Moreover, smoking tobacco releases harmful particles into the air
surrounding the smoker. This second-hand smoke may negatively
affect health of those in proximity to the smoker. Smoking tobacco
is an addictive habit and generally is not easily given up by a
smoker.
SUMMARY
[0003] Systems and methods for a smoke monitor are described. In
one aspect, a smoke monitor includes a detector to sense when a
user lights a smoking device such as a cigarette, pipe, etc. In one
implementation, for example, such detection is made by detecting
the audible sound of a lighter, via a smoke detector, and/or so on.
In one implementation, the smoke monitor includes a counter that
counts the number of smoking devices lit by a user, for example,
over a predetermined amount of time. Exceeding a threshold number
of smoking devices (e.g., lighting one or more smoking devices)
over that period of time may cause the smoke monitor to implement
one or more configurable events such as audio alarms, vibrations,
etc. In one implementation, and responsive to the smoke monitor
detecting smoke, a particle generator coupled to the smoke monitor
generates particles to freshen surrounding air.

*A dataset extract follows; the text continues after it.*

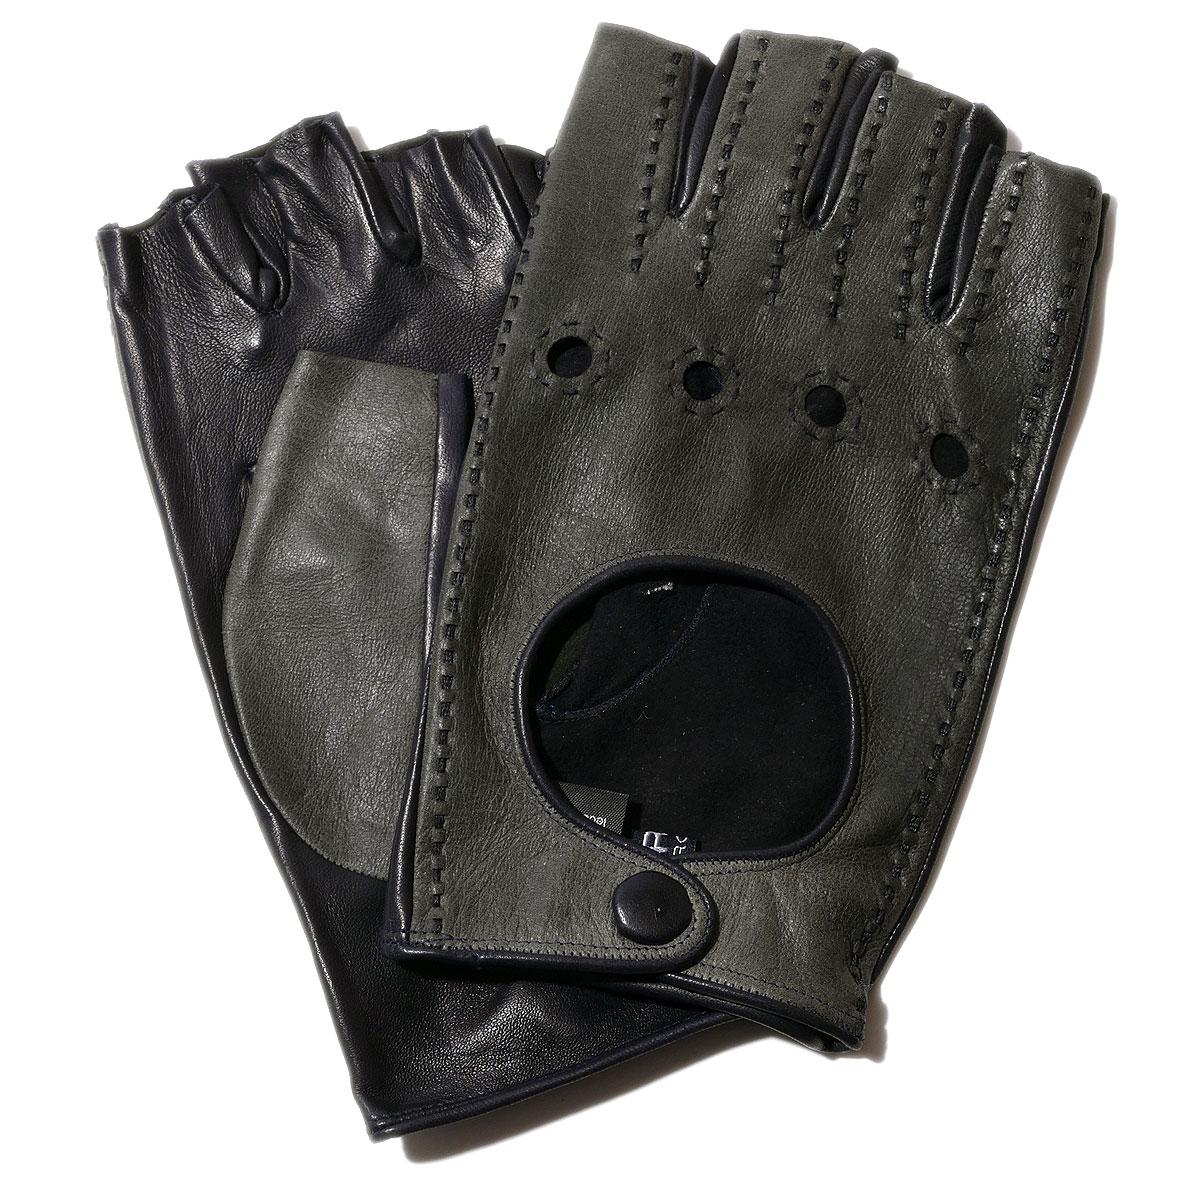 メローラ カットオフ ドライビンググローブ ヴィンテージ・ラムナッパ(グレー/ネイビー)【イタリア製】MEROLA 手袋指なし メンズ【手ぶくろ 男性用 】 ブランド ギフト

[0004] This Summary is provided to introduce a selection of
concepts in a simplified form that are further described below in
the detailed description. This Summary is not intended to identify
key features or essential features of the claimed subject matter,
nor is it intended to be used as an aid in determining the scope of
the claimed subject matter.
BRIEF DESCRIPTION OF THE DRAWINGS
[0005] FIG. 1 shows an exemplary system for a smoke monitor,
according to one embodiment.
[0006] FIG. 2 shows an exemplary method for a smoke monitor,
according to one embodiment.
DETAILED DESCRIPTION
Overview
[0007] In one aspect, a smoke monitor is provided to remind a user
that he/she is smoking. This may provide incentive for the user to
change his/her habits and reduce the user's dependence on smoking.
In one implementation, the apparatus also releases negative ions or
ozone responsive to detecting smoke to reduce the quantity of
harmful particles in the air in proximity to the smoker. This
latter aspect generally improves air quality in the vicinity of the
smoker. In one implementation, the smoke monitor may be combined
with wearable devices, such as wrist watches, bracelets, necklaces,
and/or so on. In other implementations, wearable devices for a
smoke monitor may be attached to clothing, such as pants, shirts,
hats, belts, or other articles of clothing. In one implementation,
the apparatus may detect and monitor the number of smoking devices
used by a smoker or smoking incidents over a predetermined time
period. Such a count can be manually implemented (e.g., via a user
button press) or automatically implemented (e.g., by detecting
smoke device lighting events). The smoking devices may be
cigarettes, cigars, pipes, etc.
An Exemplary System for a Smoke Monitor
[0008] FIG. 1 shows an exemplary system 100 for a smoke monitor
according to one embodiment. System 100 includes smoke monitor 101.
In this implementation, for example, the smoke monitor 101 includes
a processor 103 coupled to a system memory 105. The system memory
comprises computer-program instructions (shown as "program
modules") executable by the processor 103 to receive and process
inputs 107 and generate outputs 109. Inputs 107 may include, for
example: smoke from a smoking device, photon information from a
light source (e.g., a lighter or match), signals indicating such
sensed phenomena (e.g., smoke, a light flash, etc.), audio data
(e.g., sound of a lighter or match strike, etc.), one or more of
signals from an on/off switch, a keypad, a keyboard, dials,
buttons, a Universal Serial Bus (USB), a wireless interface, an
infrared interface, and/or so on. In one implementation, at least a
subset of the inputs 107 represent, for example, data downloaded
from an external computing device. Outputs 109 include, for
example, calculated and/or measured data, audio, physical outputs
(e.g., vibrations, etc.), information for presentation to a user,
etc. Outputs 109 may be directed to any of a number of different
arbitrary targets, such as a USB, a wireless interface, an infrared
interface, and/or so on. In one implementation, at least a subset
of the outputs is used to transfer information from the smoke
monitor 101 to an external computing device (e.g., a personal
computer, a printer, a mobile device, etc.).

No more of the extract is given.